---------- Data shown ----------

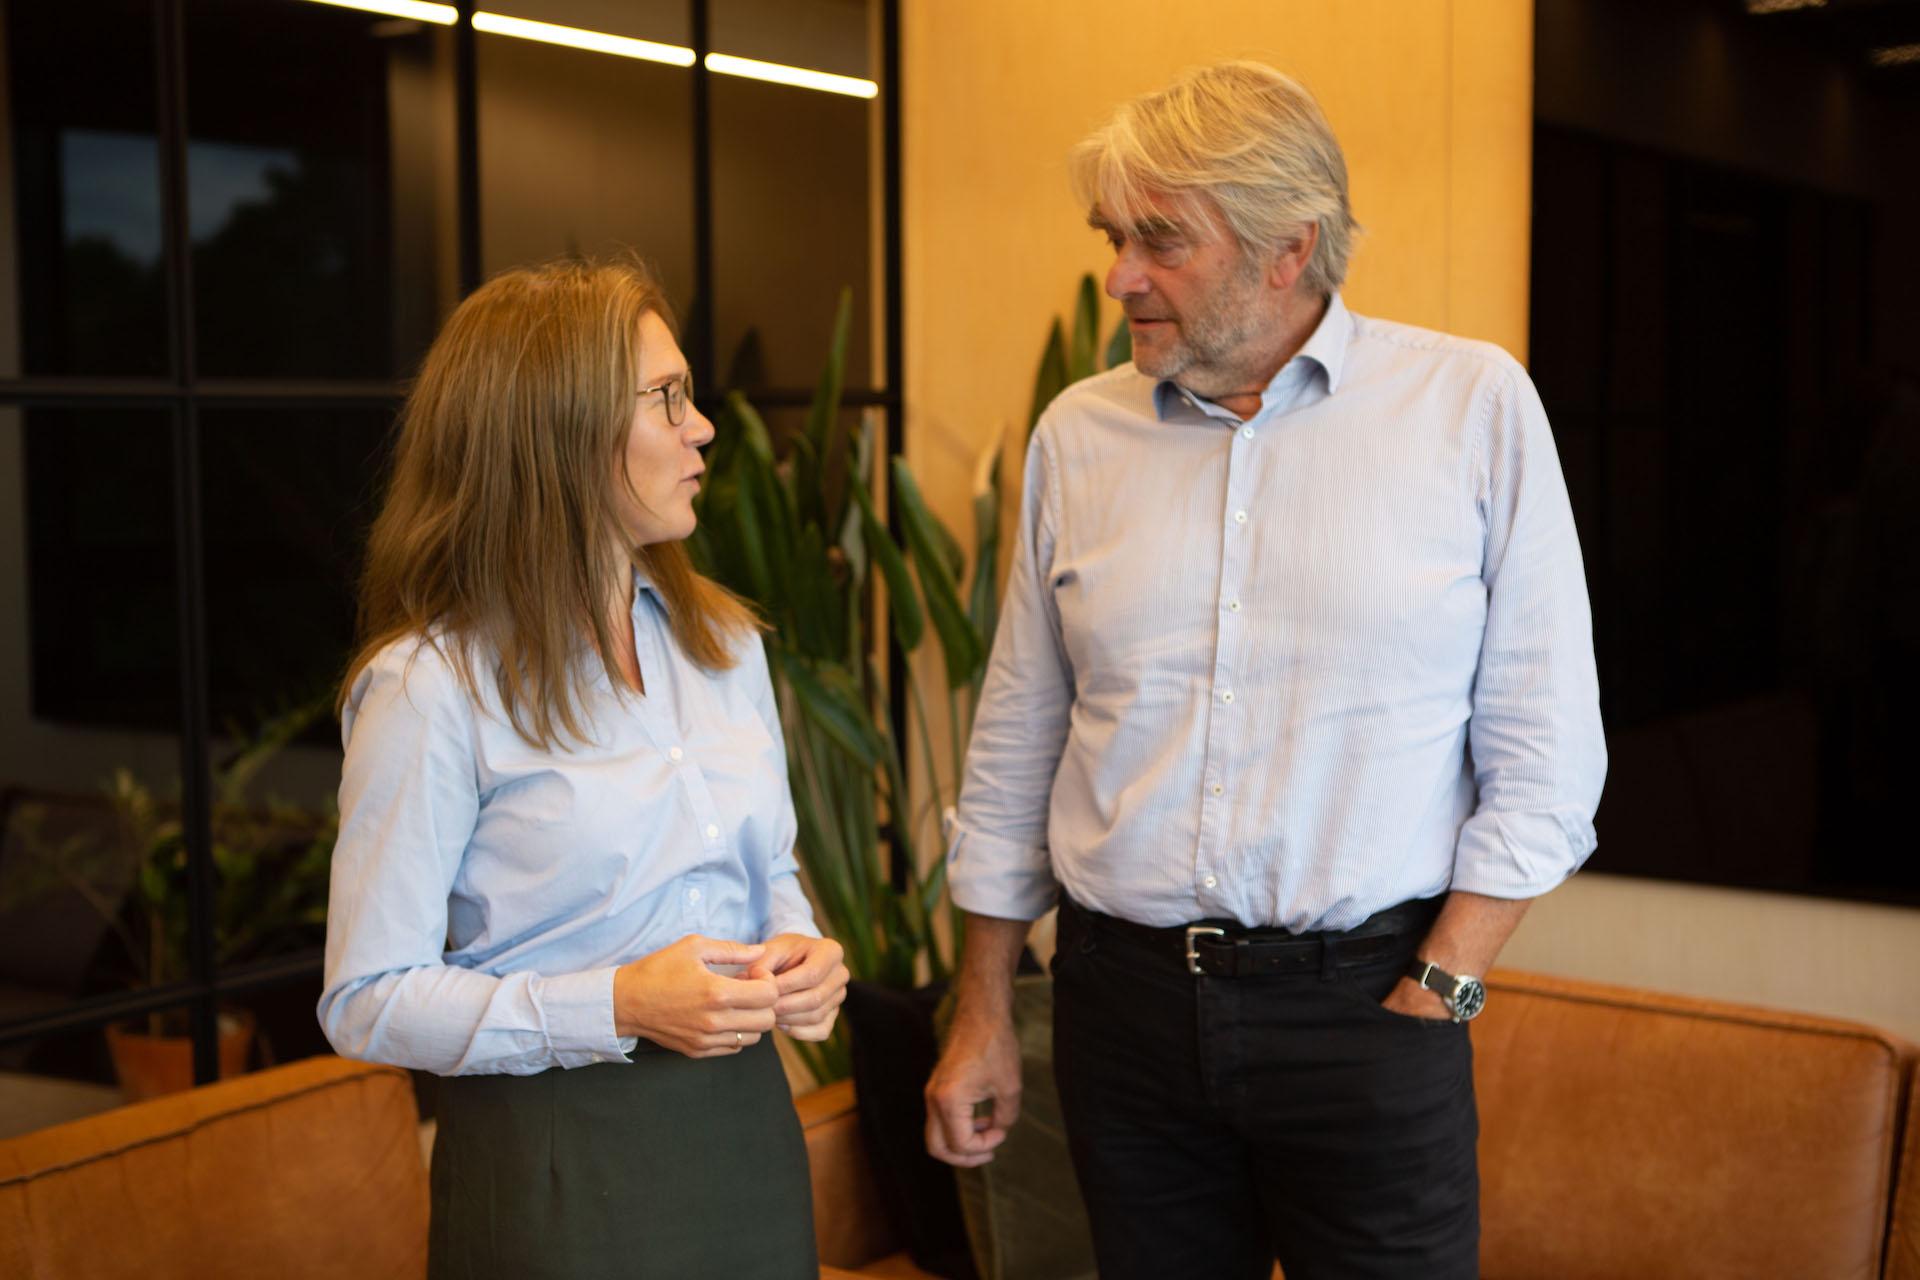 Ola Mestad gjest i ny podkast-episode om grunnlov, vev og prydsøm
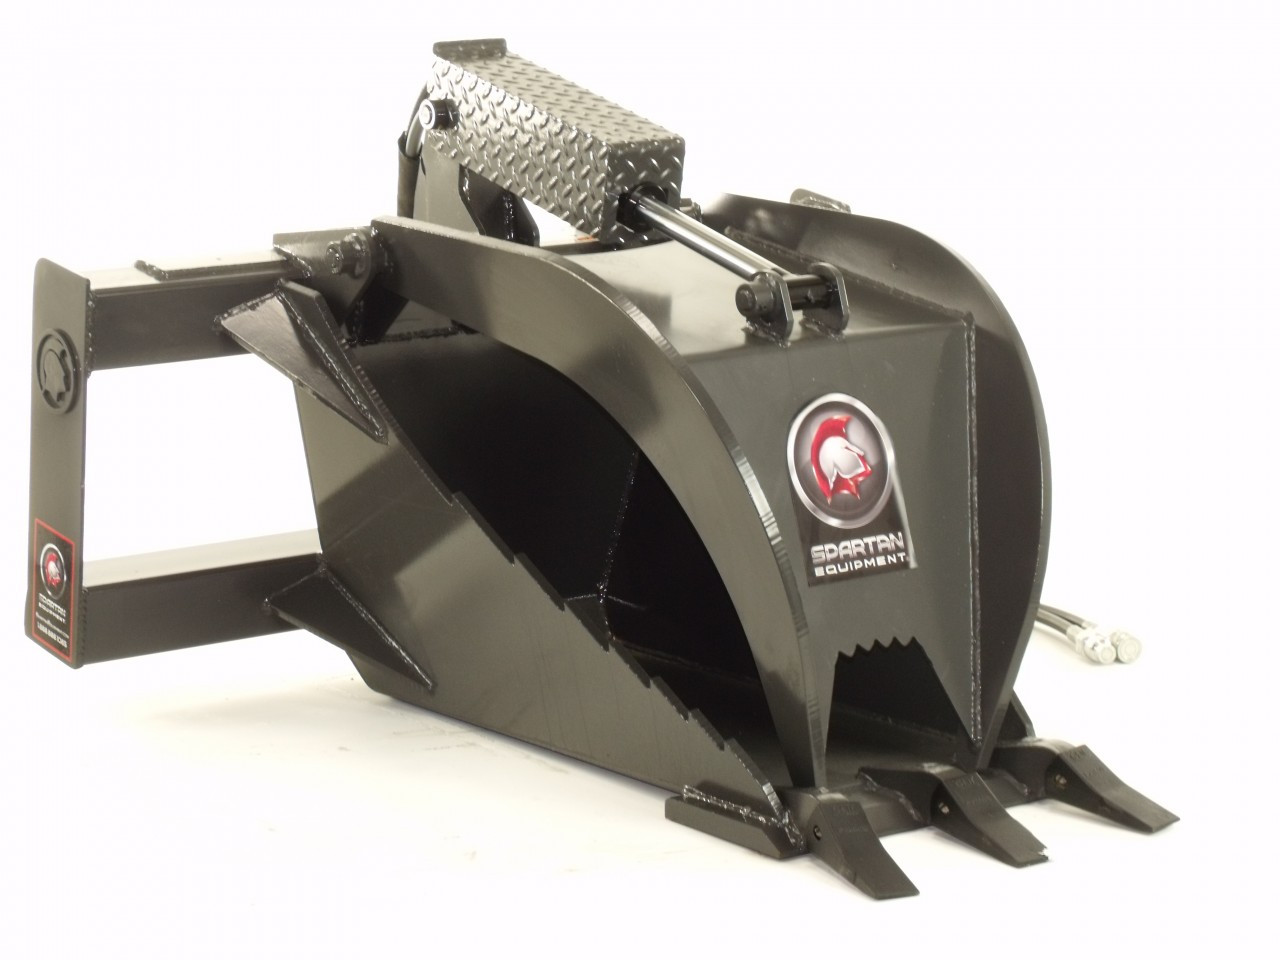 Skid Steer Stump Grapple Attachment Industrial Series
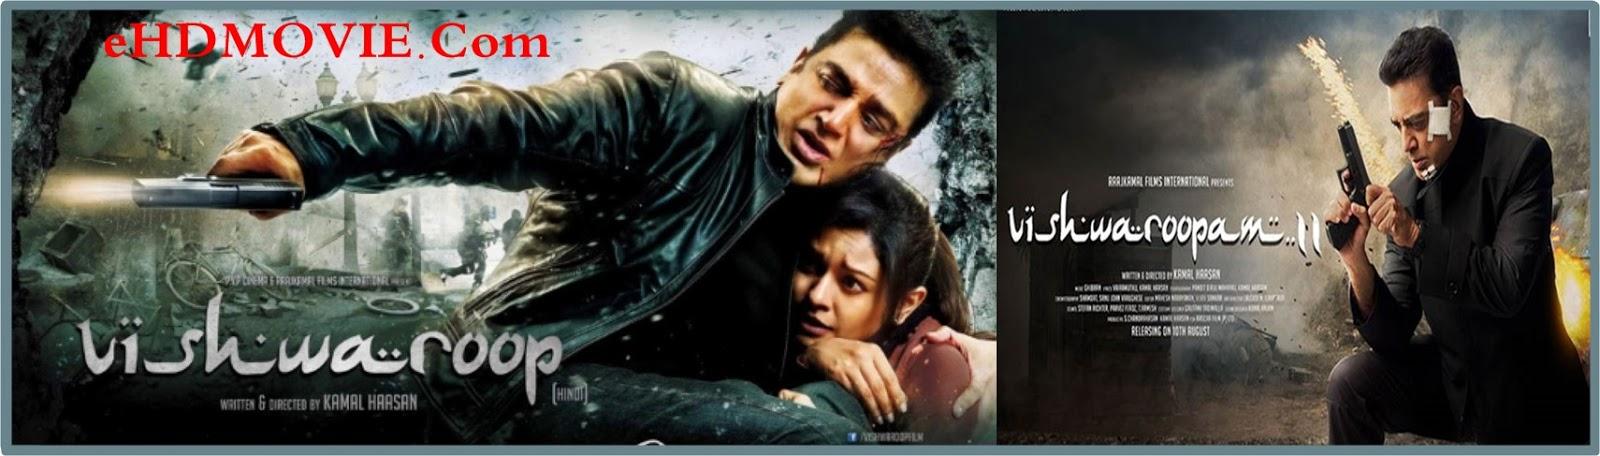 Vishwaroopam II 2018 Full Movie Hindi 720p - 480p ORG HDRip 400MB - 1.4GB ESubs Free Download
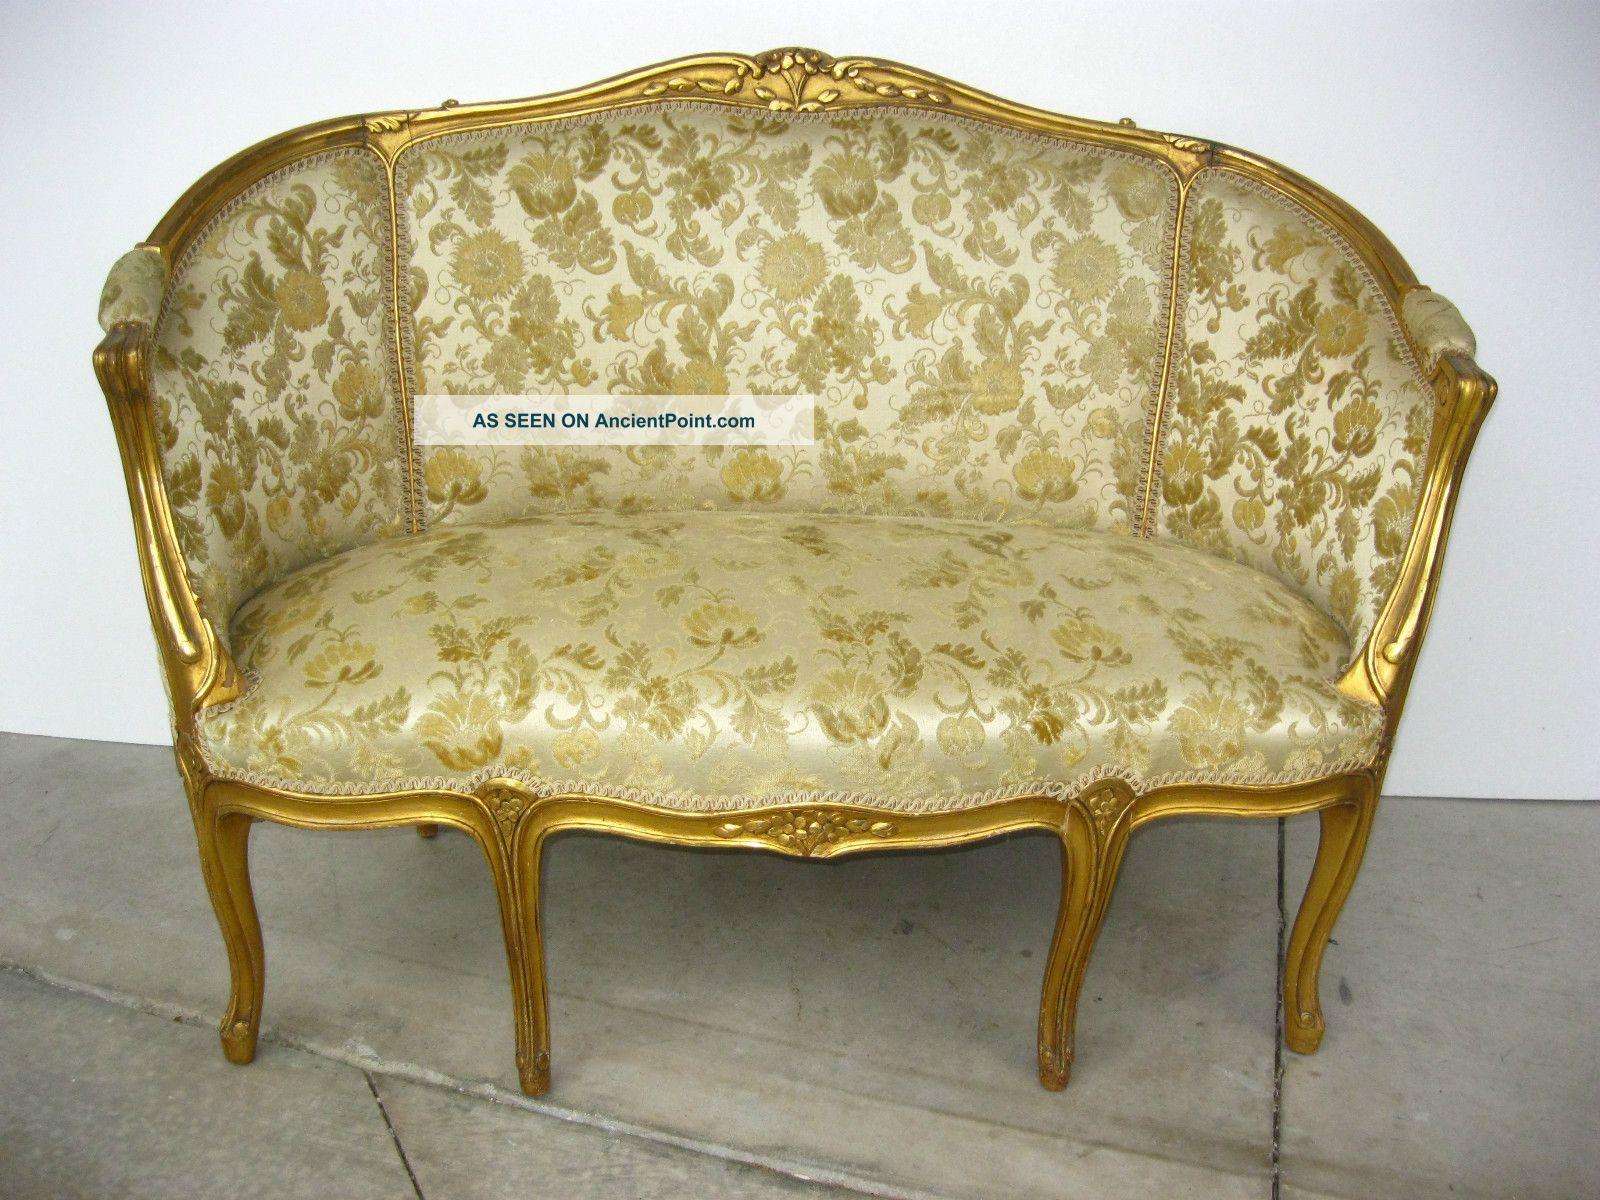 Vintage French Provincial Style Gold Gilt Gold Floral Velvet Fabric

----------

**Your assignment**
Please reproduce the lines exactly from the one containing "Vishwaroopam II 2018" through the last line of the data above, and keep the pictures out.

**Completed task**
 Vishwaroopam II 2018 Full Movie Hindi 720p - 480p ORG HDRip 400MB - 1.4GB ESubs Free Download
 Vintage French Provincial Style Gold Gilt Gold Floral Velvet Fabric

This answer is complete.